A recent study found that AI can detect pancreatic cancer up to three years before a human doctor. Despite the fact that cancer is a tough disease to detect at an early stage, AI has made it possible to identify it at an early stage.
Only 12% of pancreatic cancer patients survive for five years, making it a deadly disease. According to the Nature Medicine study, AI-based population screening can detect prospective pancreatic cases.
Furthermore, population screening refers to genetic testing or other assessments that look at the prevalence of a specific trait in a community. AI aids in the initial step of early spot detection.
Using AI on real-world clinical records could lead to a scalable way to find cancer early in the community. This would change the focus from treating cancer in its late stages to treating cancer in its early stages, improve patients’ quality of life, and increase the benefit-to-cost ratio of cancer care, according to the paper.
Chris Sander, a professor at Harvard Medical School, stated that determining who is at high risk for a disease and who would benefit from additional testing is one of the most essential decisions physicians must make every day. More testing can mean more invasive, expensive procedures that come with their own risks.
In addition, at the beginning of the testing phase, researchers examined clinical data from 9 million patients in the United States and Denmark using an AI system. In addition, they developed AI learning models to identify detection codes in patient data and associate them with pancreatic cancer.
The study was carried out in collaboration with the Harvard T.H. Chan School of Public Health, the Dana-Farber Cancer Institute, the VA Boston Healthcare System, and the University of Copenhagen.
Also, at the start of the testing phase, researchers used an AI system to look at clinical data from 9 million patients in the US and Denmark. In addition to this, they developed AI learning models to search patient data for detection codes and link those codes to pancreatic cancer.
The research team used a variety of AI models to achieve the desired results. They tested various versions for six, a year, two, and three years. They ultimately got to the stage where their forecasts were substantially more accurate in predicting who would develop pancreatic cancer than current population-wide estimates of disease incidence.
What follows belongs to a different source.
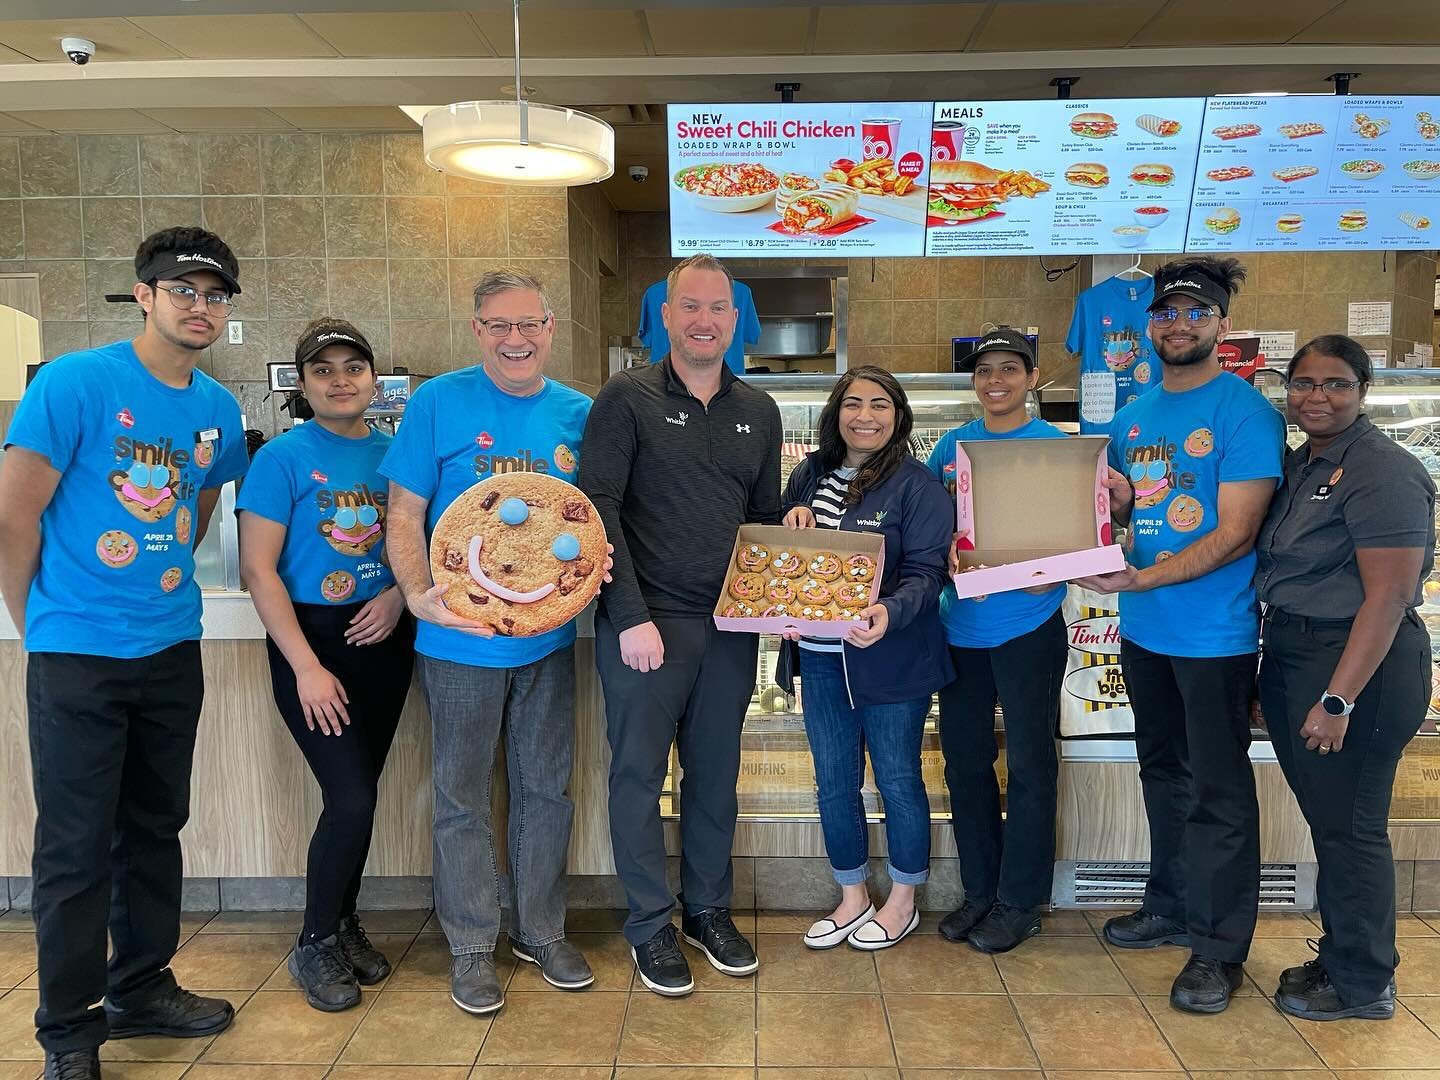 Whitby, Let&rsquo;s push this further from now until Sunday May 5th let&rsquo;s win the #SmileCookie campaign for Ontario Shores Foundation for Mental Health. #SmileCookie @therealkevinfrankish @timhortons

The study is still in its early stages and must go through several processes. However, the program cannot be used to run screening apps. According to numerous hypotheses, cancer patients have a 12.5% chance of survival, making it a deadly condition.
According to Sander, the actual computing costs for using the software are minor once a surveillance program is in place. The training is what consumes the most processing power. Actual clinical testing to seek for early signs of cancer or to detect cancer when it is very little is quite expensive, far more expensive than, say, mammography.
Soren Brunak, a disease system biology professor at the University of Copenhagen, remarked in a press release that many types of cancers, particularly those difficult to identify and treat early, impose an outsized toll on patients, families, and the health-care system as a whole.
According to him, the aggressive disease pancreatic cancer, which is notoriously difficult to diagnose early and treat quickly when the odds of success are at their maximum, is an opportunity to reverse the disease’s trajectory.
However, some indications and symptoms, such as jaundice, upper back and middle back ache, fatigue, itchy skin, and weight loss, can be used to detect pancreatic cancer. Having a tool that can accurately diagnose at an early stage, however, is critical.